_The task:_ Reproduce, exactly and only, the lines of the data that follows from the one containing "3 Colored Spinel Pendant with White Diamond" down to the one containing "Polianthes flower field", without pictures.

_Supplied information:_

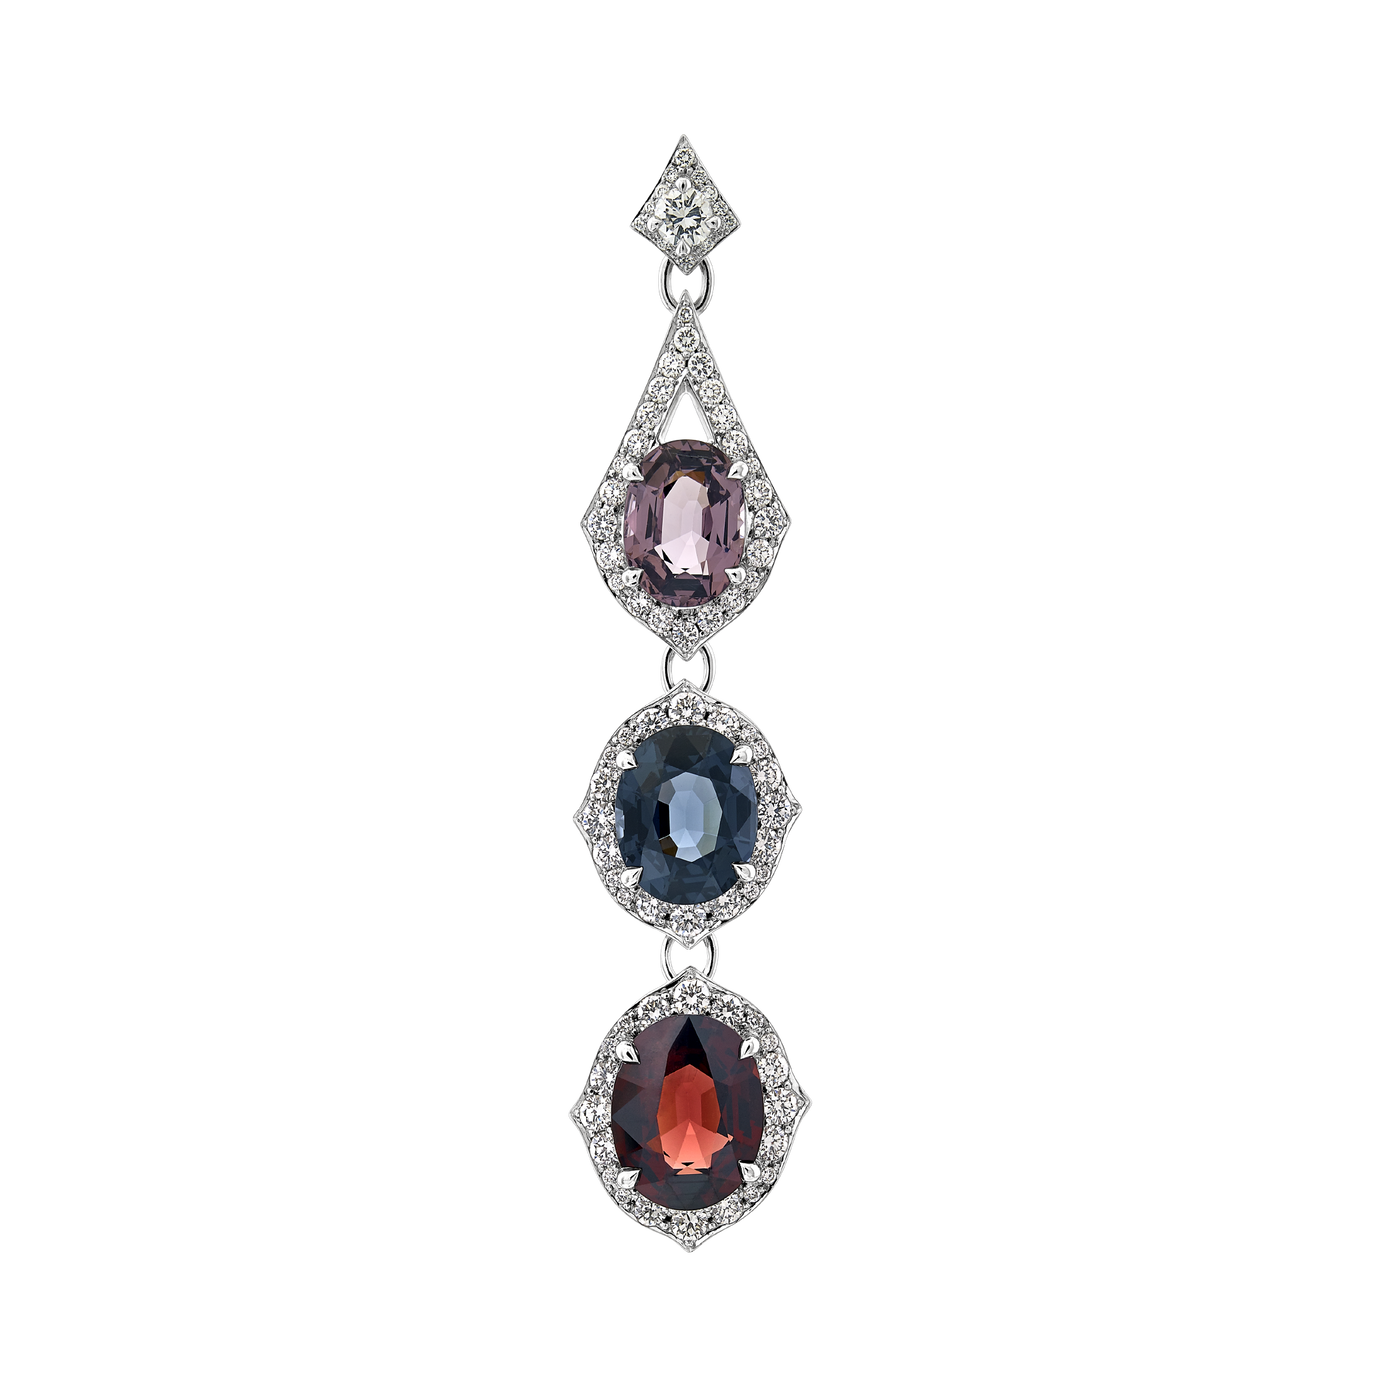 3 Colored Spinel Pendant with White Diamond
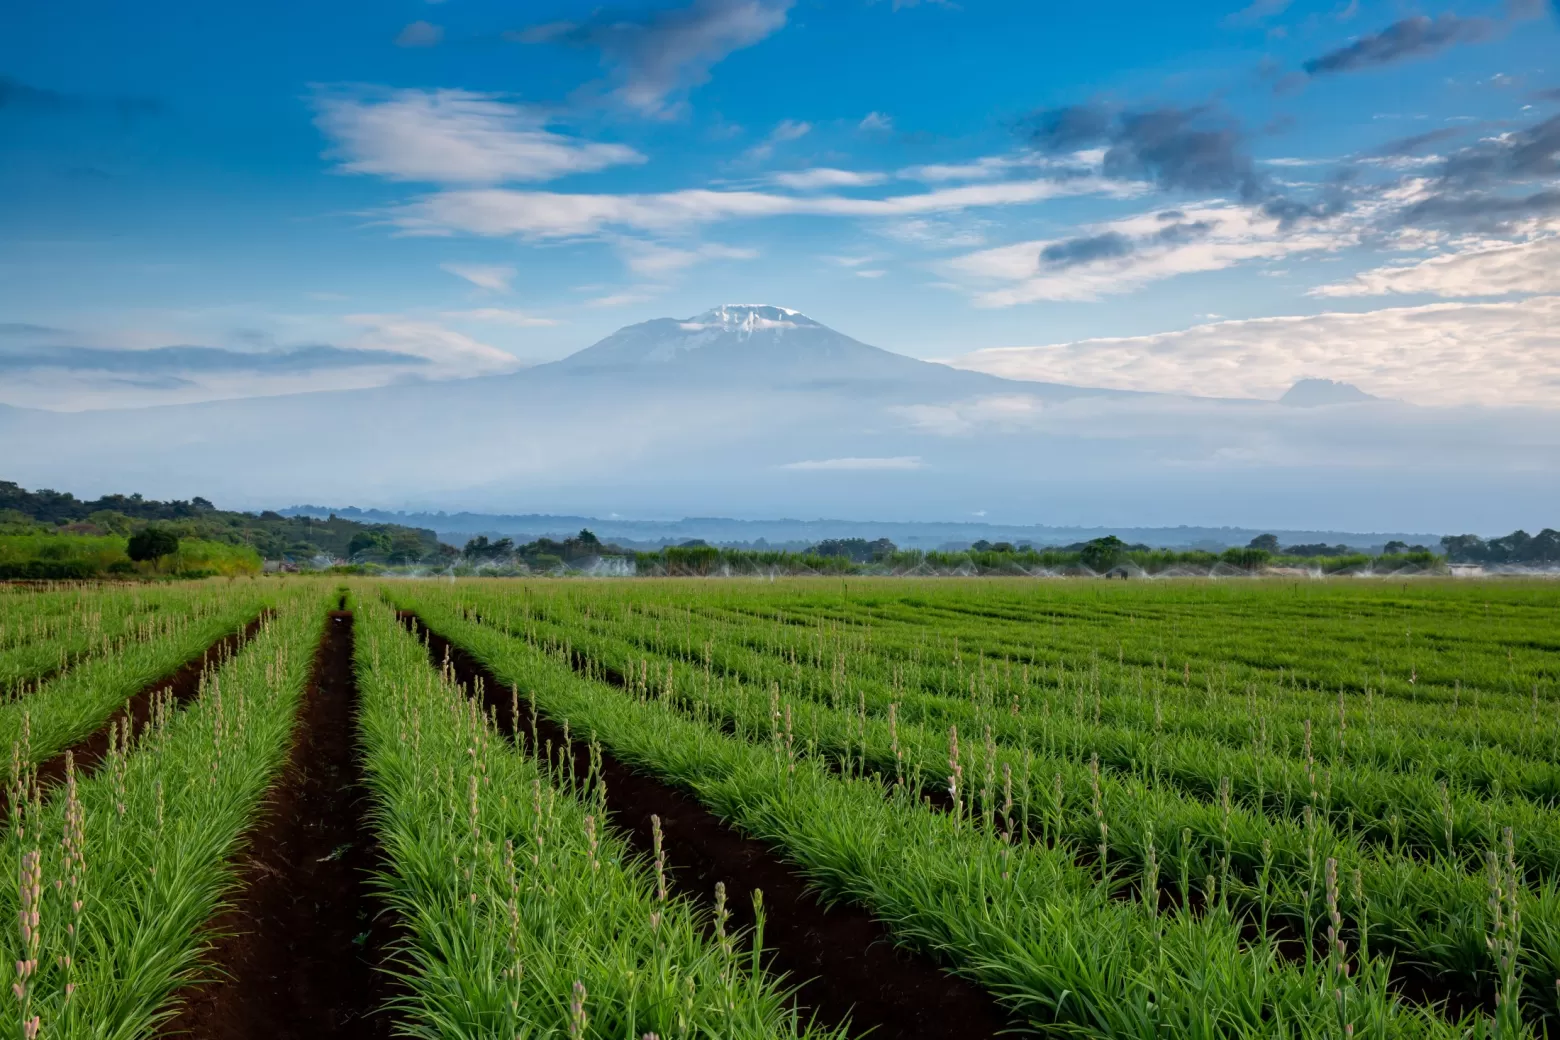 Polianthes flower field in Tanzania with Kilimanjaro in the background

---

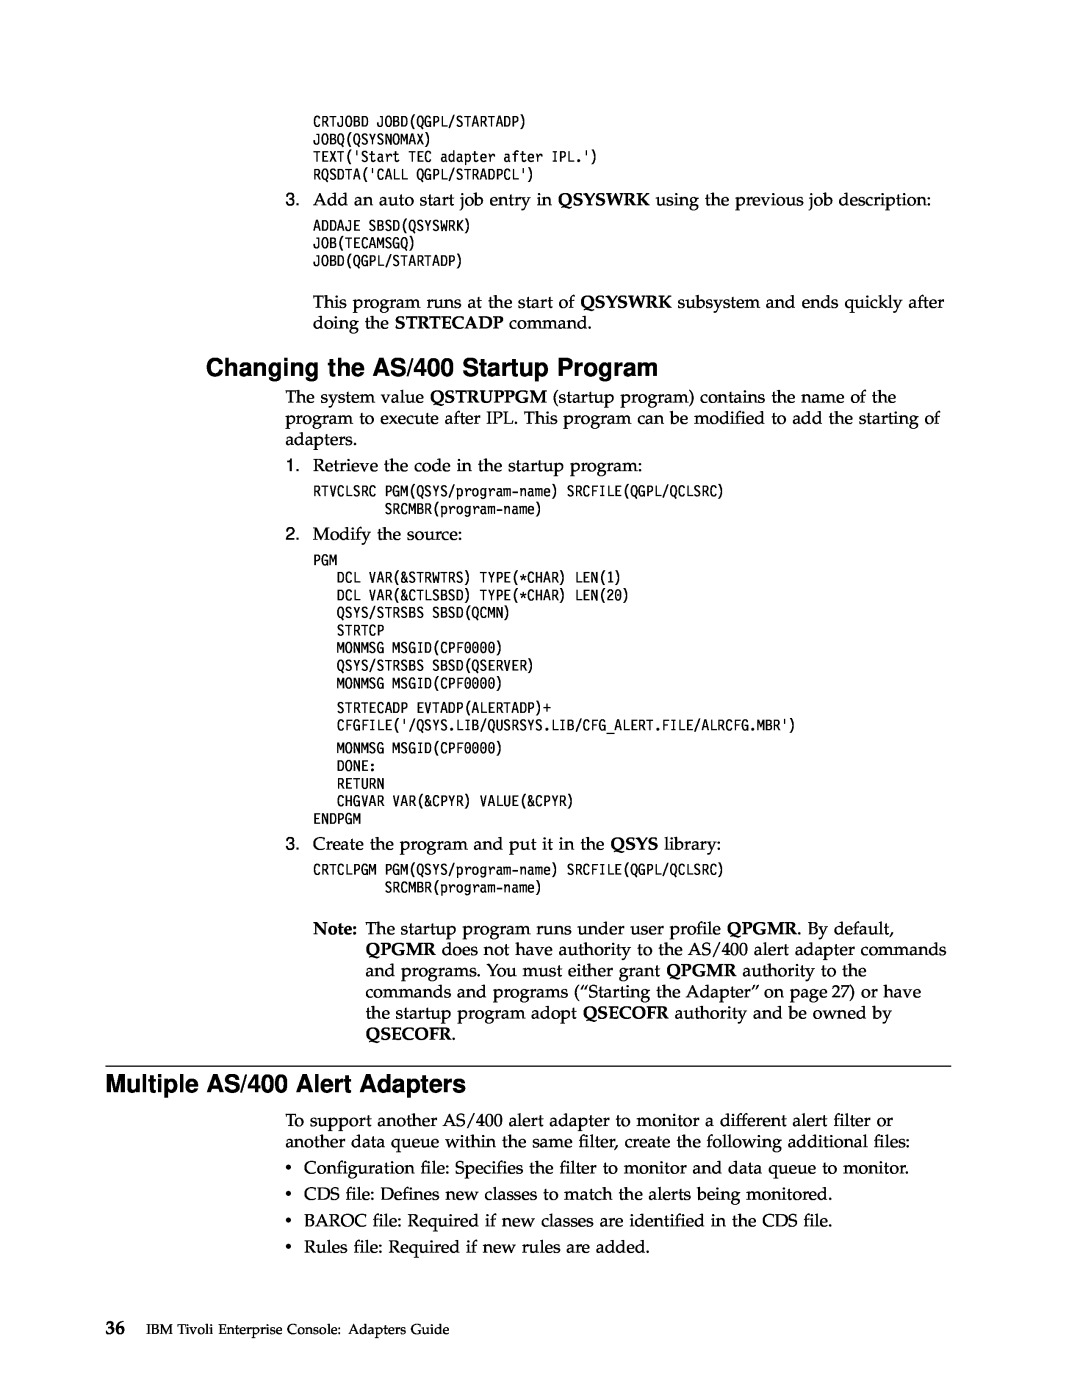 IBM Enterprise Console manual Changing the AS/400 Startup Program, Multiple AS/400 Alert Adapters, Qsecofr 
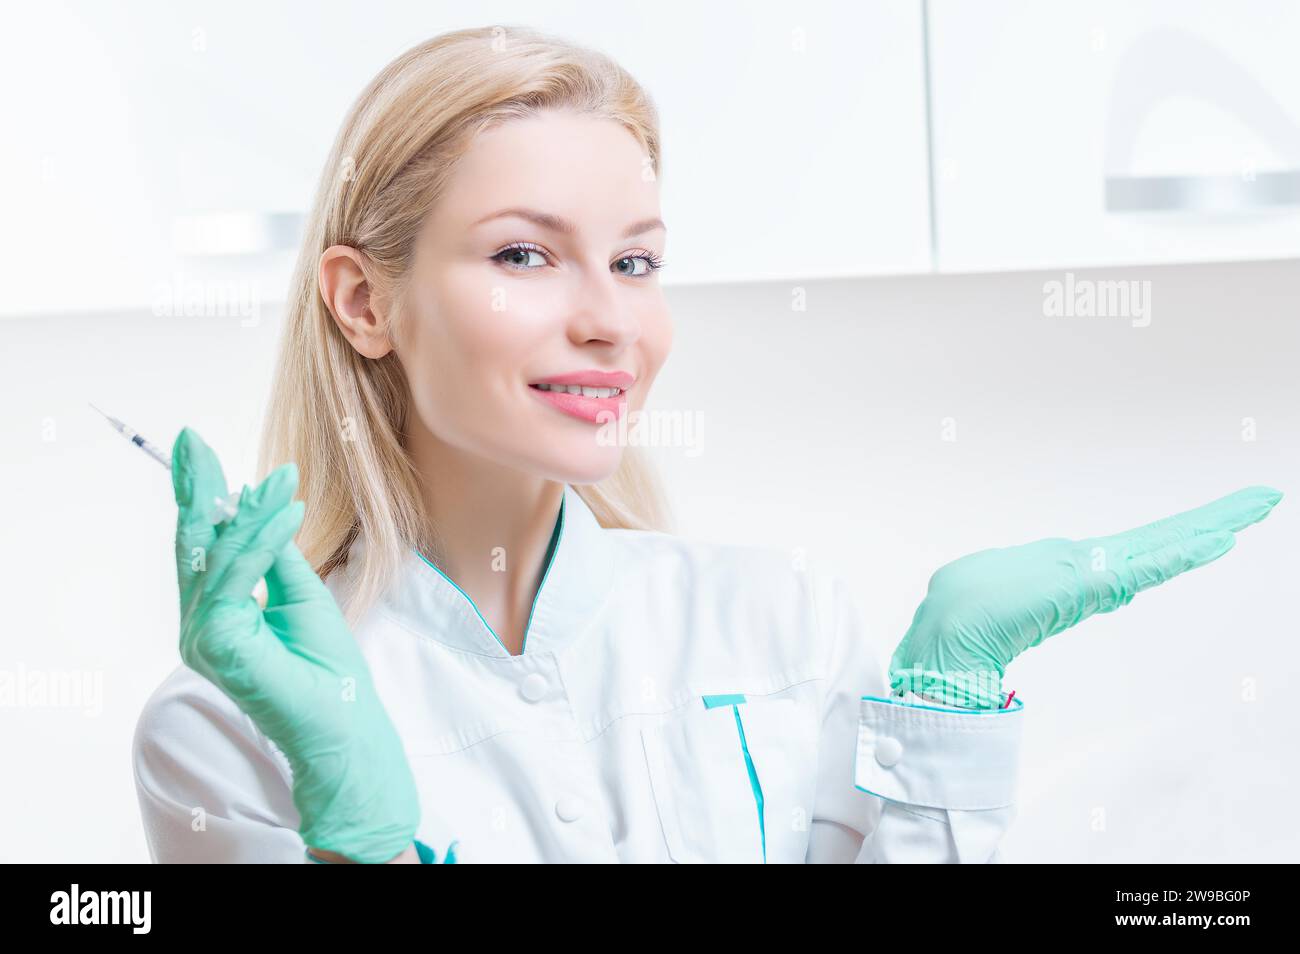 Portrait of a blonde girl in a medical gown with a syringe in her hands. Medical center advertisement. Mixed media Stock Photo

_Answer to this problem:_
 3 Colored Spinel Pendant with White Diamond
 Polianthes flower field in Tanzania with Kilimanjaro in the background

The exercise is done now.